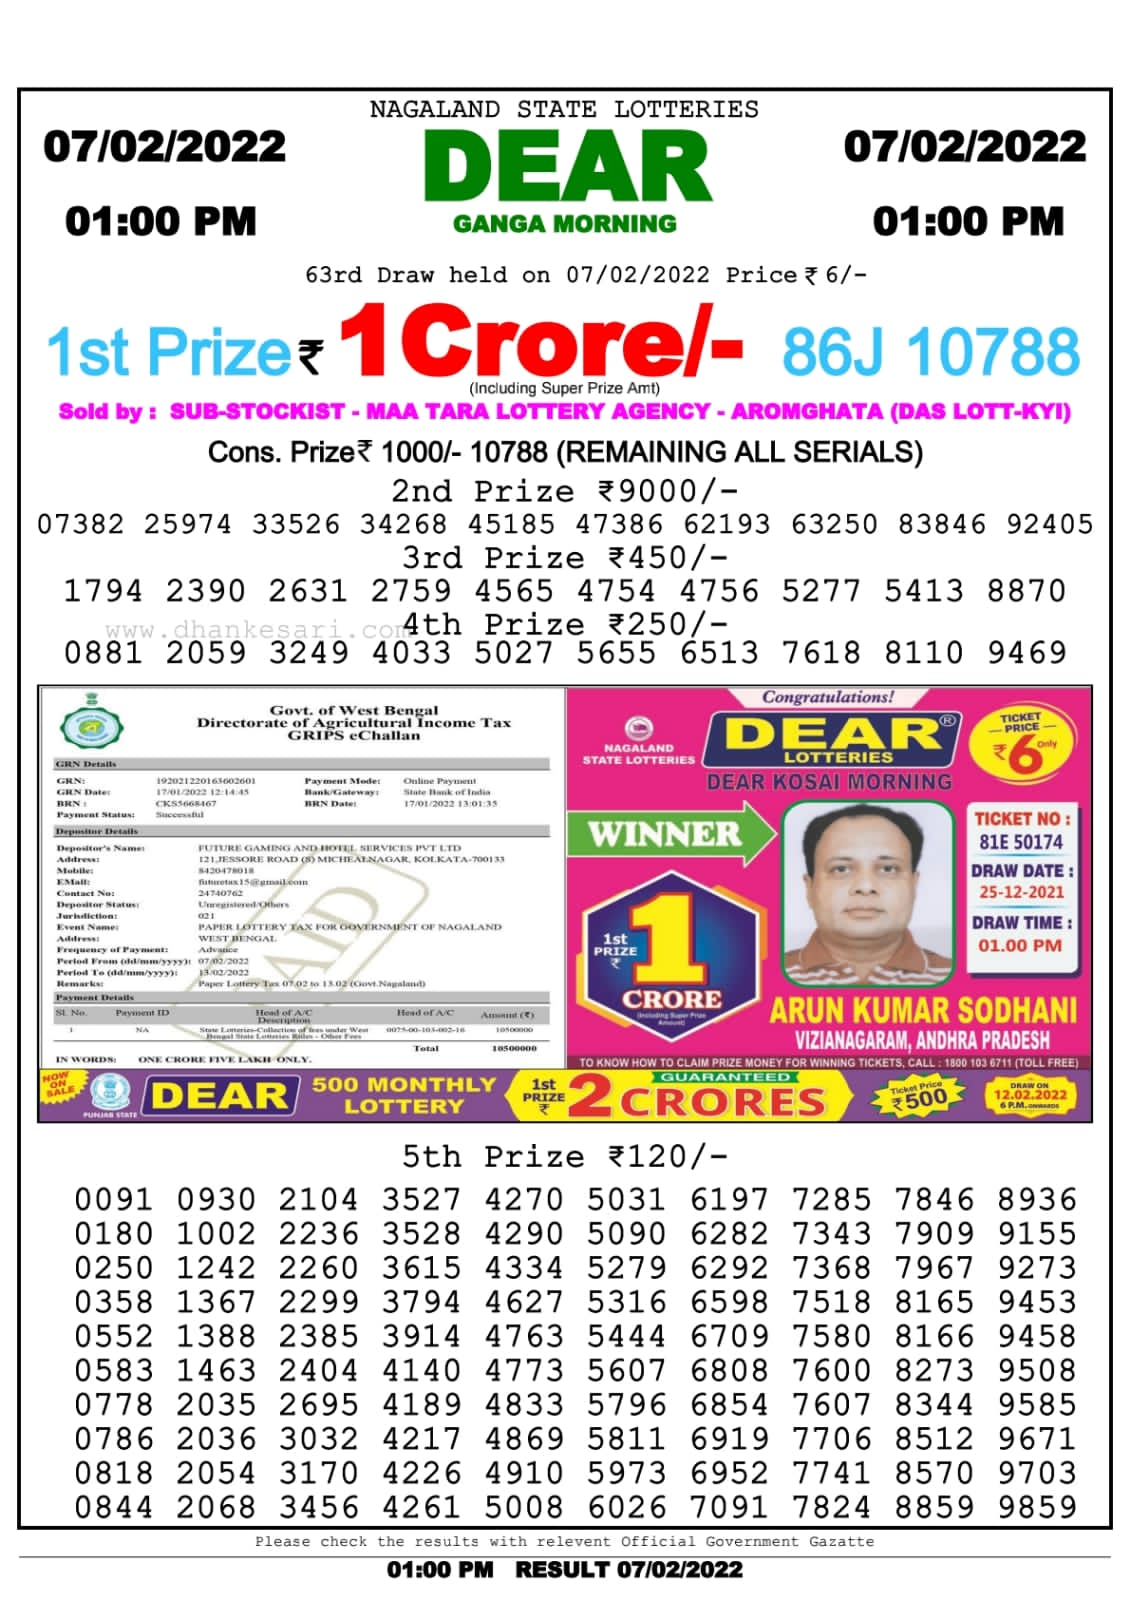 Dear Lottery Nagaland state Lottery Results 1 PM
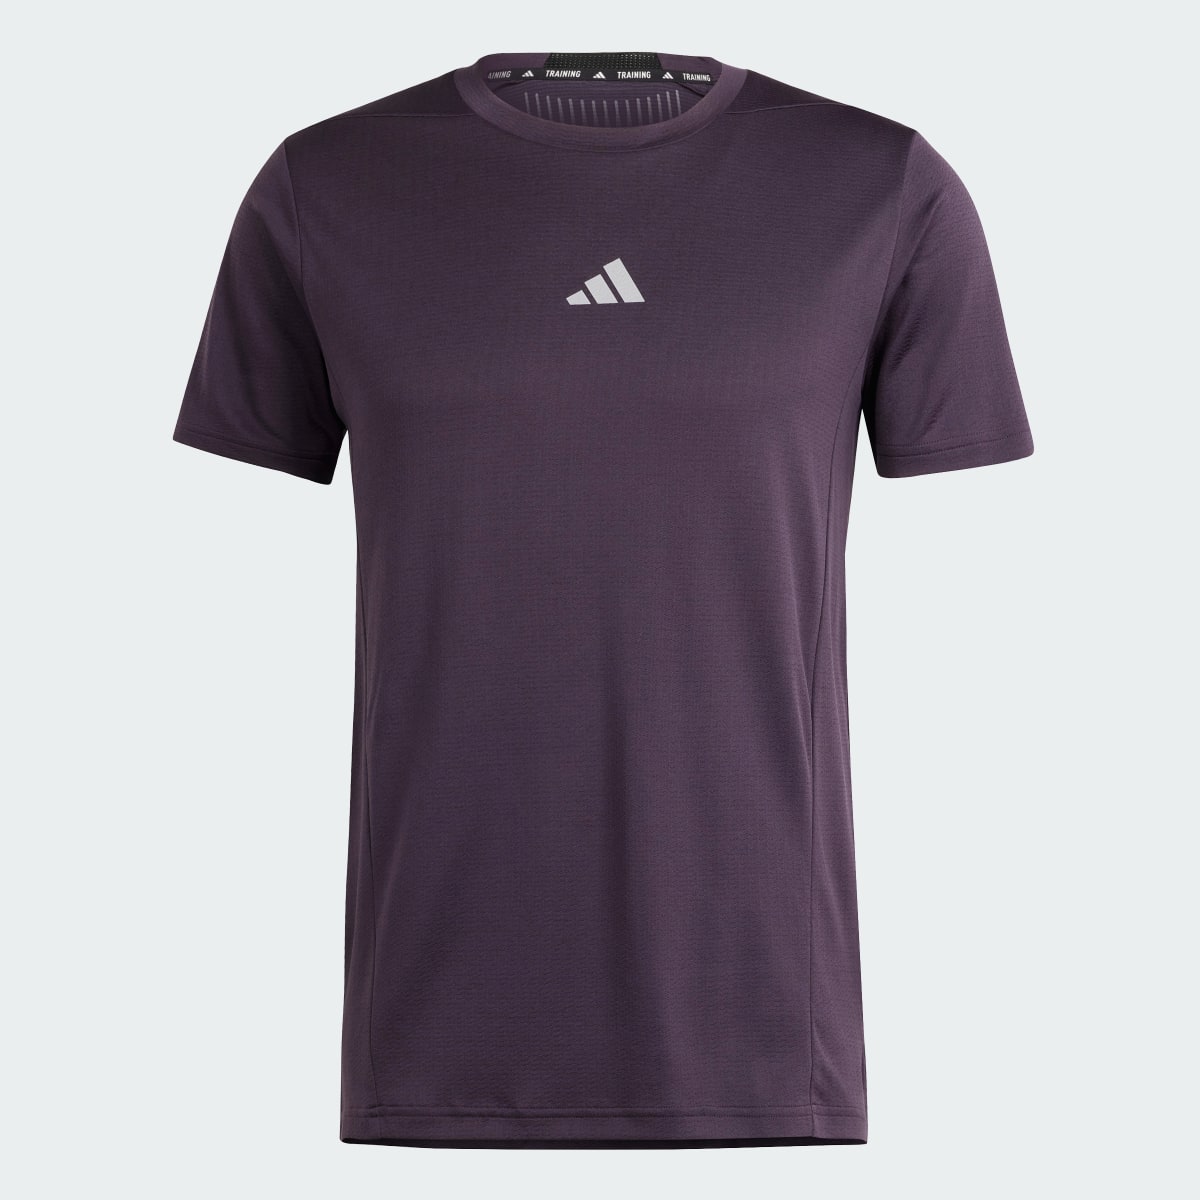 Adidas Designed for Training HIIT Workout HEAT.RDY Tee. 5
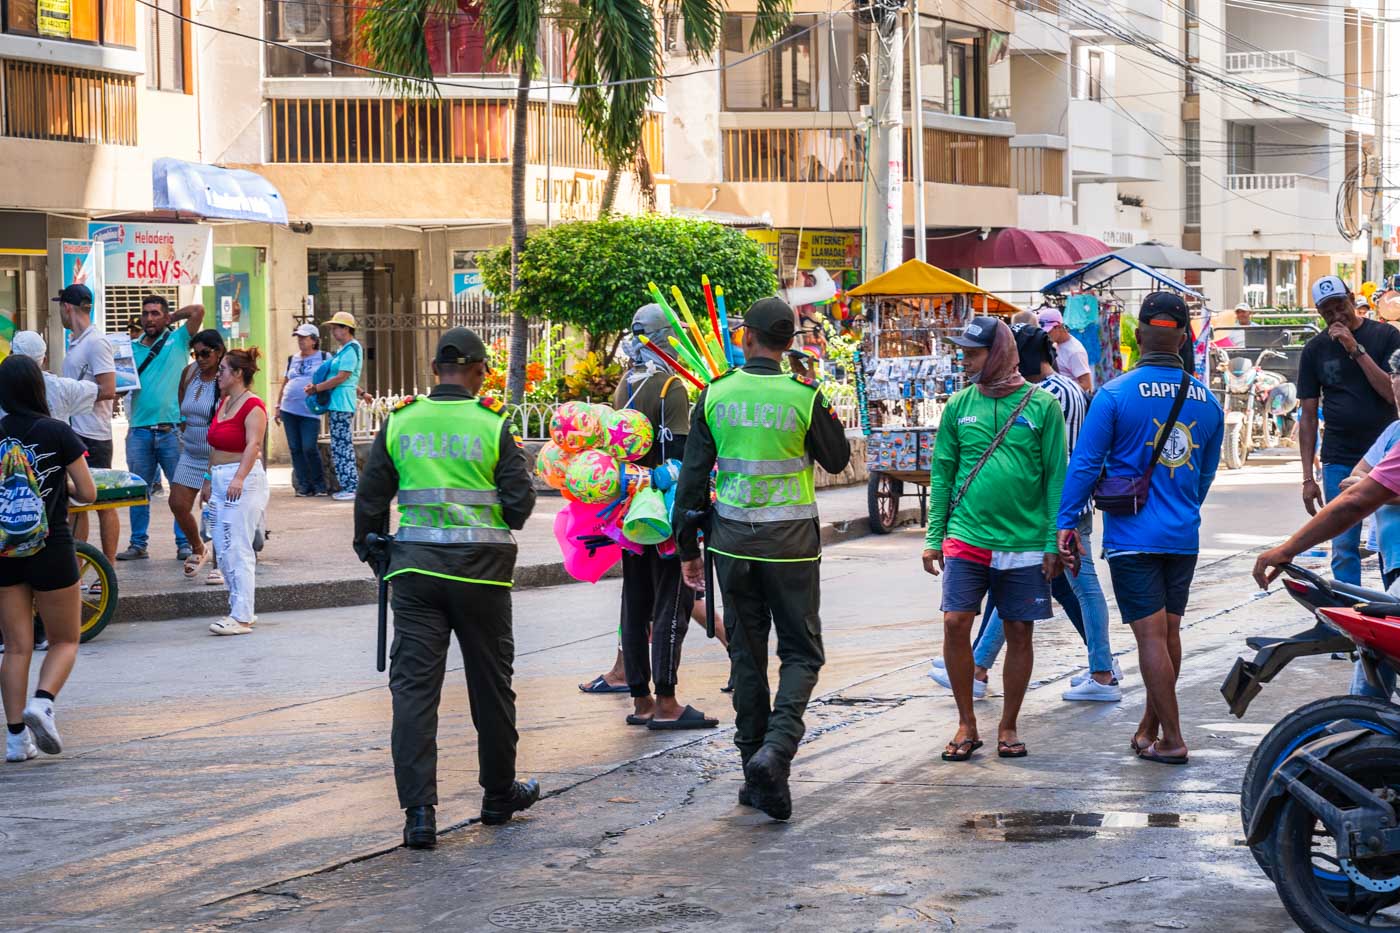 Police patrolling the streets surrounded by tourists and vendors in the town of Rodadero.

☆ ☆ ☆ ☆ ☆

> **ACTIVITY**
Only the pictures are to be left out; repeat all other material exactly.

> **SOLUTION BELOW**
 Dear Lottery Nagaland state Lottery Results 1 PM
 Adidas Designed for Training HIIT Workout HEAT.RDY Tee. 5
 Police patrolling the streets surrounded by tourists and vendors in the town of Rodadero.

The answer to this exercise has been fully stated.